An Aug. 8 Open Meetings decision by Attorney General Jack Conway may change how some Kentucky school boards discuss keeping a current superintendent on the job with a new contract.
Ruling on a complaint by the editor of a newspaper in Martin County, Conway’s office found that the Kentucky Open Meetings Act does not allow closed session discussions between a school board and a current superintendent regarding the superintendent’s potential appointment and contract for a future term.
In an email to superintendents and members of the Council of School Board Attorneys, KSBA staff attorney John Fogle said, “This is consistent with earlier decisions stating that the (personnel exception of the law) does not cover discussions relating to the retention of an existing employee. However, this is the first decision applying this rule to superintendents.”
Fogle added, “This OMD (Open Meetings Decision) should not affect the potential application of the personnel exception to situations where a vacancy in the office of the superintendent is declared and several candidates are interviewed or evaluated after completion of the superintendent screening process.”
In the opinion, Conway cited a case,Carter v. Smith, in which “the Court held in that the terms “appointment, discipline, or dismissal” did not encompass a factual situation where a board was discussing an arrangement whereby the school superintendent would voluntarily resign and be awarded a contract as a consultant.
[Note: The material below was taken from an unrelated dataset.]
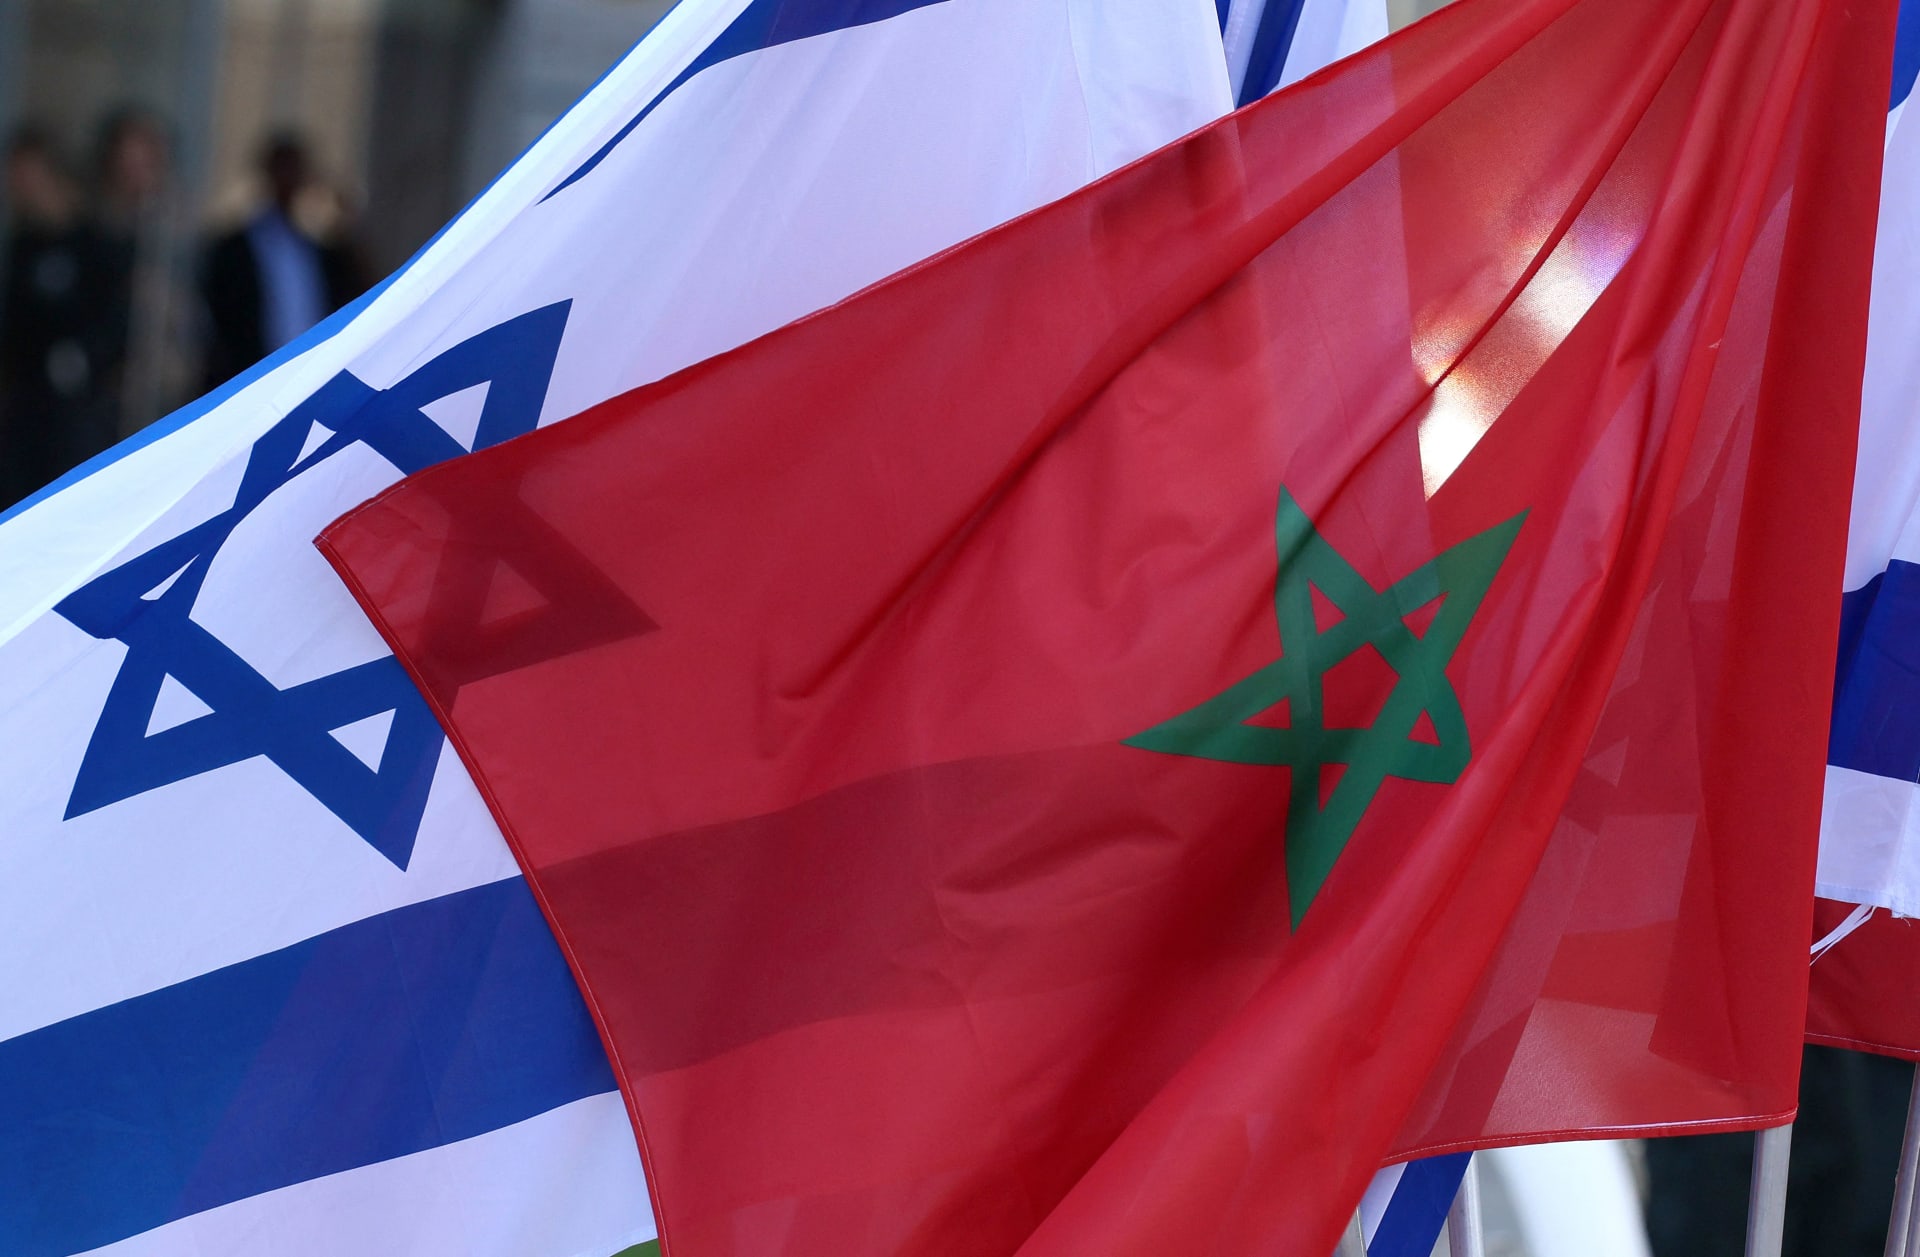 بعد استدعائه للتحقيق بقضايا "تحرش جنسي" وغيرها.. سفير إسرائيل في المغرب: "ادعاءات كاذبة"

Since “resignation and consultancy were the topics discussed in the closed session,” topics which are not included in KRS 61.810(1)(f), the case was not one of appointment or dismissal.
The Court noted,“A public agency’s authority to go into a closed session relative to personnel matters is severely restricted. Under the personnel exception, a public agency may enter closed session only for discussions or hearing which might lead to the appointment, discipline, or dismissal of an individual employee, member, or student.” These three topics are the only personnel matters a public agency may discuss in closed session. Discussions of any other matters are expressly precluded.
Conway’s decision went on to state that “it has been the rule in the decisions of this office that the terms ‘appointment’ and ‘reappointment’ are not synonymous when the latter term is used to describe the continued employment of a current agency employee.” Whereas “the potential for reputational damage exists where several individuals apply for a position and some must be eliminated based on their lesser qualifications, such potential does not exist where the discussion” concerns a mere attempt to secure the continued employment of an existing employee. Therefore, the Board’s discussion of a new contract for the current superintendent did not relate to the “appointment” of an employee.
Furthermore, Conway wrote, “this was not a discussion of whether to terminate the superintendent’s contract early for cause, but whether to make a renewed four-year contract with him beginning almost a year in the future. There is thus no credible argument that it related to “discipline” or “dismissal” of the superintendent. Accordingly, since the discussion in closed session did not concern the appointment, discipline, or dismissal of an employee under KRS 61.810(1)(f), the Board violated the Open Meetings Act.”